Hi all!   We're finishing development of the menu for a higher end pizzacentric restaurant that will be offering a few fresh pasta dishes as well (fresh pasta made daily in house). Any other restaurateurs/chefs serving fresh pasta, and what portion sizes are you generally going with, uncooked (again, fresh pasta, not dried)?

Thanks for any advice!

Chris


----------



## cheflew (May 23, 2016)

We generally used  4 oz fresh as the standard, simply because most fresh pasta recipes, made in bulk, break down to 1 1/4 LB, (or at least they did when we were doing them) however, you can use whichever size of portion you wish.  Keep in mind whether it's a starter (antipasti or antipasto), primo or secondo the portion sizes will smaller or larger.

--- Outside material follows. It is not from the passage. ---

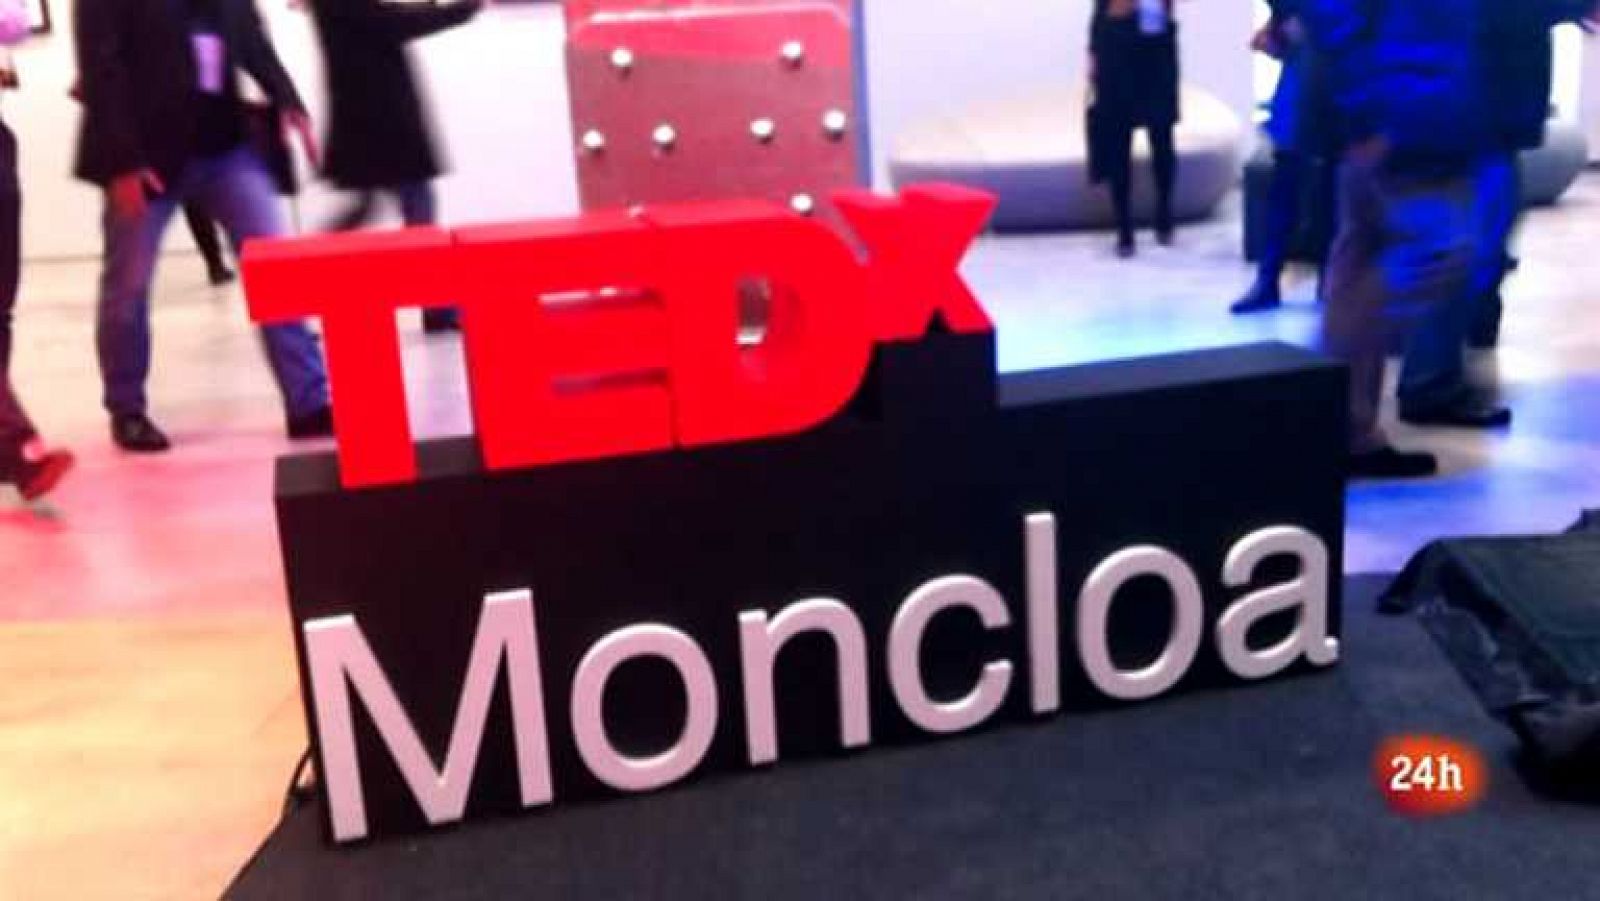 Cámara abierta 2.0 - TEDx Moncloa; Pigafe.com; la red social Esperanzae.com; José Mercé en 1minutoCOM - 24/11/12
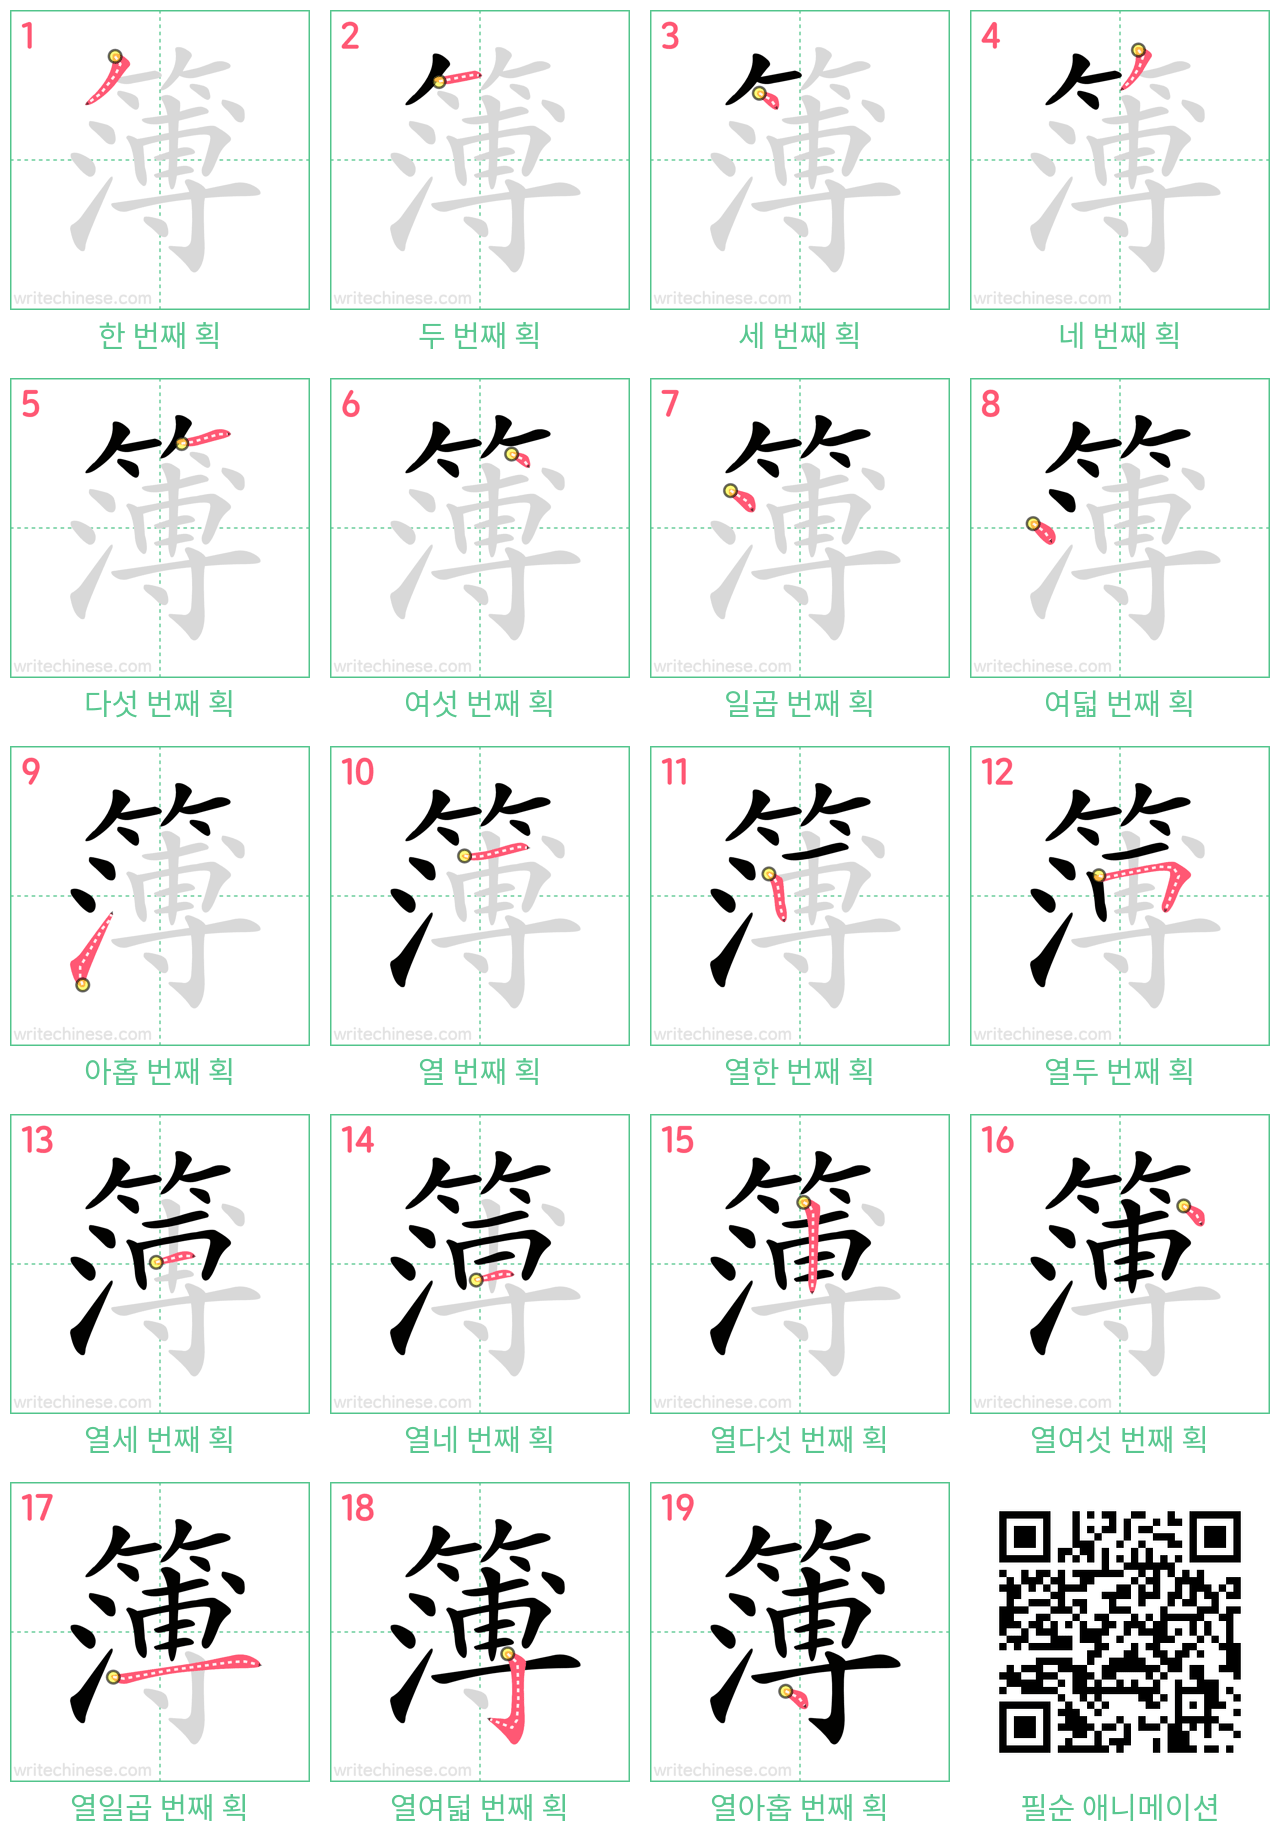 簿 step-by-step stroke order diagrams

If "fresh pasta" is the highlight point of the dish, meaning the main portion, (which is what it seems to be) I would possibly go with 6, or even 8oz portions depending on if the dish is straight pasta or if it has some other item with it.

Make all of the dishes on the menu in different sizes before you open, and ask yourself "would I pay for this" and be objective about it, if you wouldn't or you would be disappointed, add a bit more.  

This is the best advice that I can give.


----------